Design and Architecture of A Robo-Advisor Platform..(3/3)

This three part series explores the automated investment management or the “Robo-advisor” (RA) movement. The first post in this series @- http://www.vamsitalkstech.com/?p=2329 – discussed how Wealth Management has been an area largely untouched by automation as far as the front office is concerned. As a result, automated investment vehicles have largely begun changing that trend and they helping create a variety of business models in the industry esp those catering to the Millenial Mass Affluent Segment. The second post @- http://www.vamsitalkstech.com/?p=2418  focused on the overall business model & main functions of a Robo-Advisor (RA). This third and final post covers a generic technology architecture for a RA platform.

Business Requirements for a Robo-Advisor (RA) Platform…

Some of the key business requirements of a RA platform that confer it advantages as compared to the manual/human driven style of investing are:

  • Collect Individual Client Data – RA Platforms need to offer a high degree of customization from the standpoint of an individual investor. This means an ability to provide a preferably mobile and web interface to capture detailed customer financial background, existing investments as well as any historical data regarding customer segments etc.
  • Client Segmentation – Clients are to be segmented  across granular segments as opposed to the traditional asset based methodology (e.g mass affluent, high net worth, ultra high net worth etc).
  • Algorithm Based Investment Allocation – Once the client data is collected,  normalized & segmented –  a variety of algorithms are applied to the data to classify the client’s overall risk profile and an investment portfolio is allocated based on those requirements. Appropriate securities are purchased as we will discuss in the below sections.
  • Portfolio Rebalancing  – The client’s portfolio is rebalanced appropriately depending on life event changes and market movements.
  • Tax Loss Harvesting – Tax-loss harvesting is the mechanism of selling securities that have a loss associated with them. By doing so or by taking  a loss, the idea is that that client can offset taxes on both gains and income. The sold securities are replaced by similar securities by the RA platform thus maintaining the optimal investment mix.
  • A Single View of a Client’s Financial History- From the WM firm’s standpoint, it would be very useful to have a single view capability for a RA client that shows all of their accounts, interactions & preferences in one view.

User Interface Requirements for a Robo-Advisor (RA) Platform…

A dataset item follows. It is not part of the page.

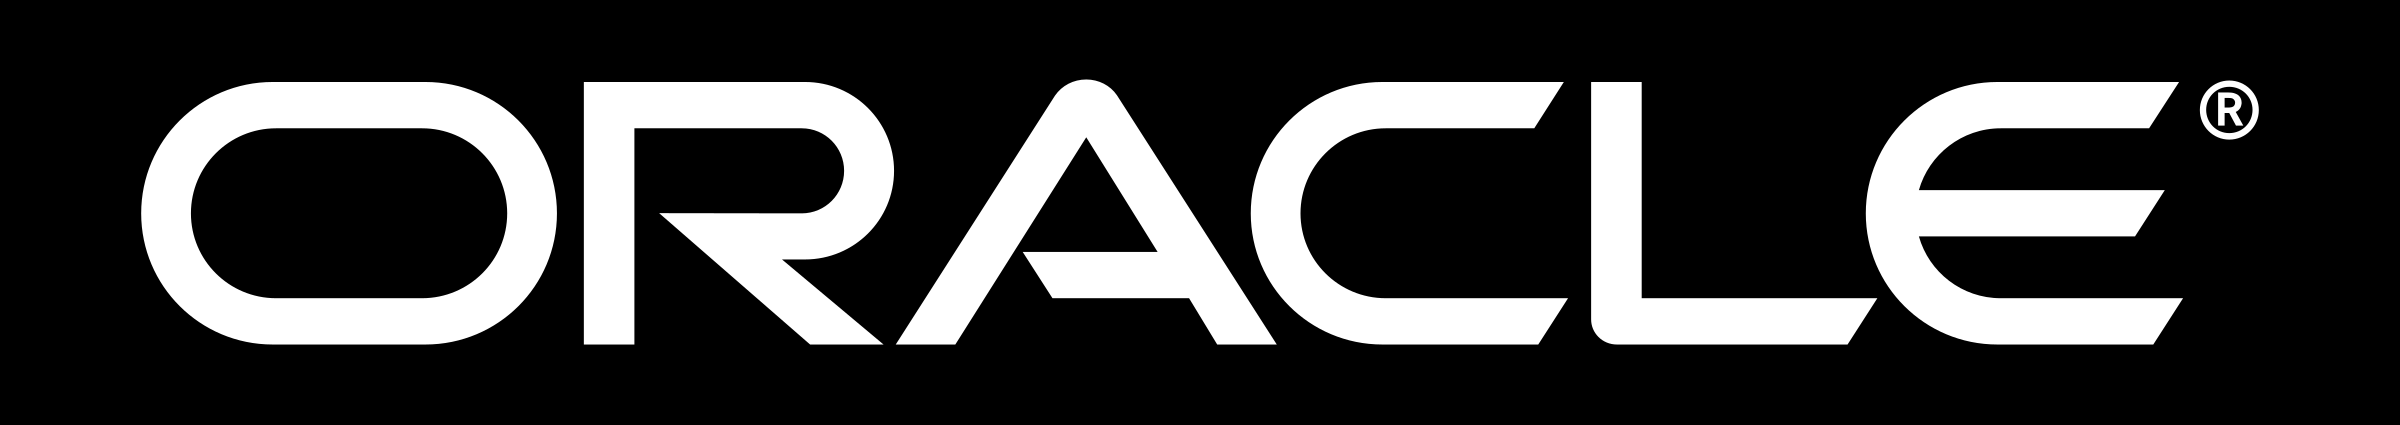 Black Oracle Logo - Oracle Logo PNG Transparent & SVG Vector - Freebie Supply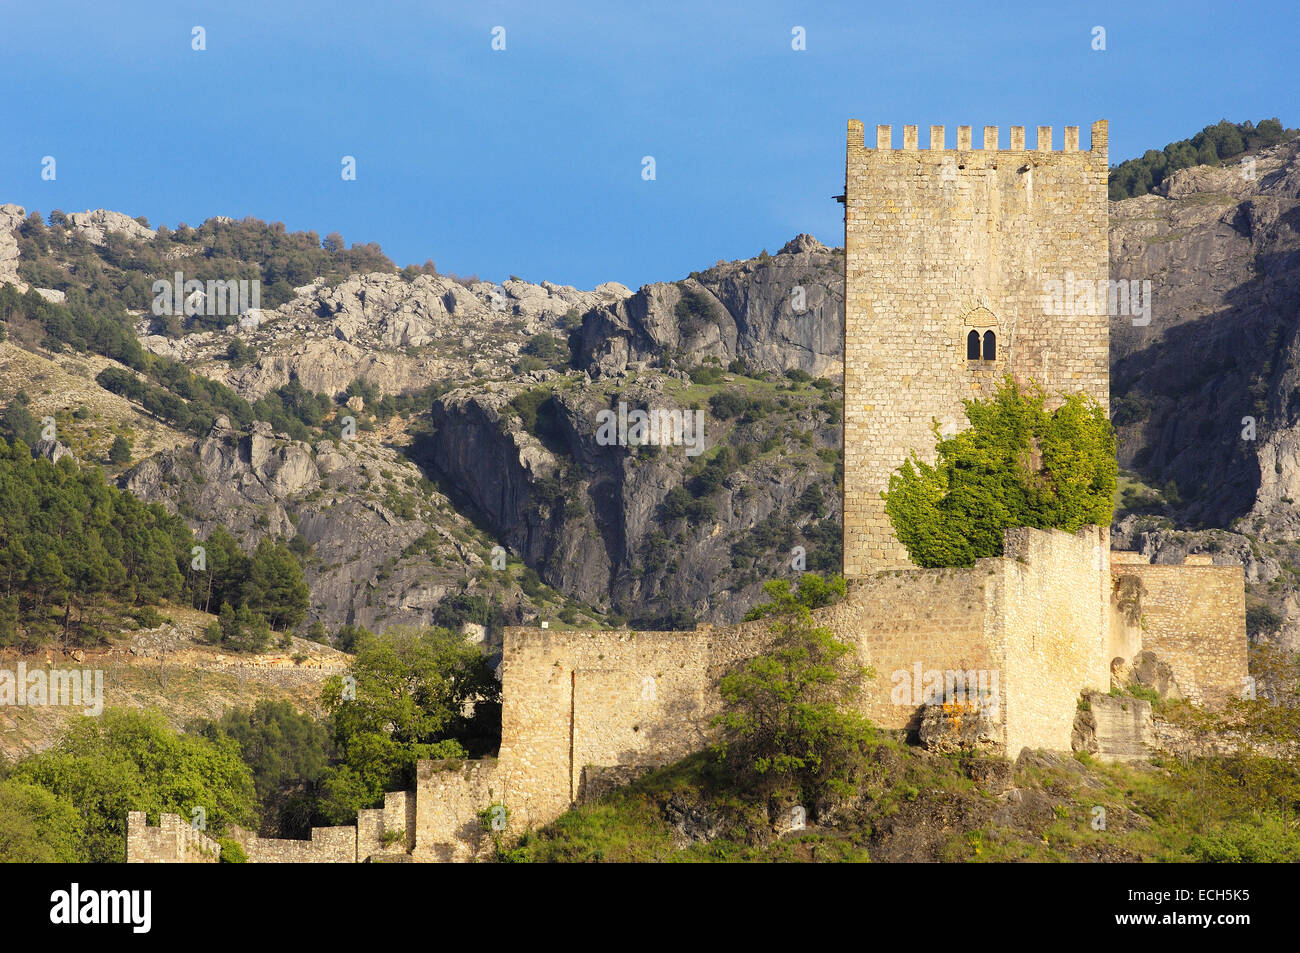 Yedra Castle in Cazorla village, Sierra de Cazorla Segura y Las Villas Natural Park, province of Jaén, Andalusia, Spain, Europe Stock Photo

Once a customer logs in using any of the digital channels supported (e.g. Mobile, eBanking, Phone etc)  – they are presented with a single view of all their accounts. This view has a few critical areas – Summary View (showing an aggregated view of their financial picture), the Transfer View (allowing one to transfer funds across accounts with other providers).

The Summary View lists the below

  • Demographic info: Customer name, address, age
  • Relationships: customer rating influence, connections, associations across client groups
  • Current activity: financial products, account interactions, any burning customer issues, payments missed etc
  • Customer Journey Graph: which products or services they are associated with since the time they became a customer first etc,

Depending on the clients risk tolerance and investment horizon, the weighted allocation of investments across these categories will vary. To illustrate this, a Model Portfolio and an example are shown below.

Algorithms for a Robo-Advisor (RA) Platform…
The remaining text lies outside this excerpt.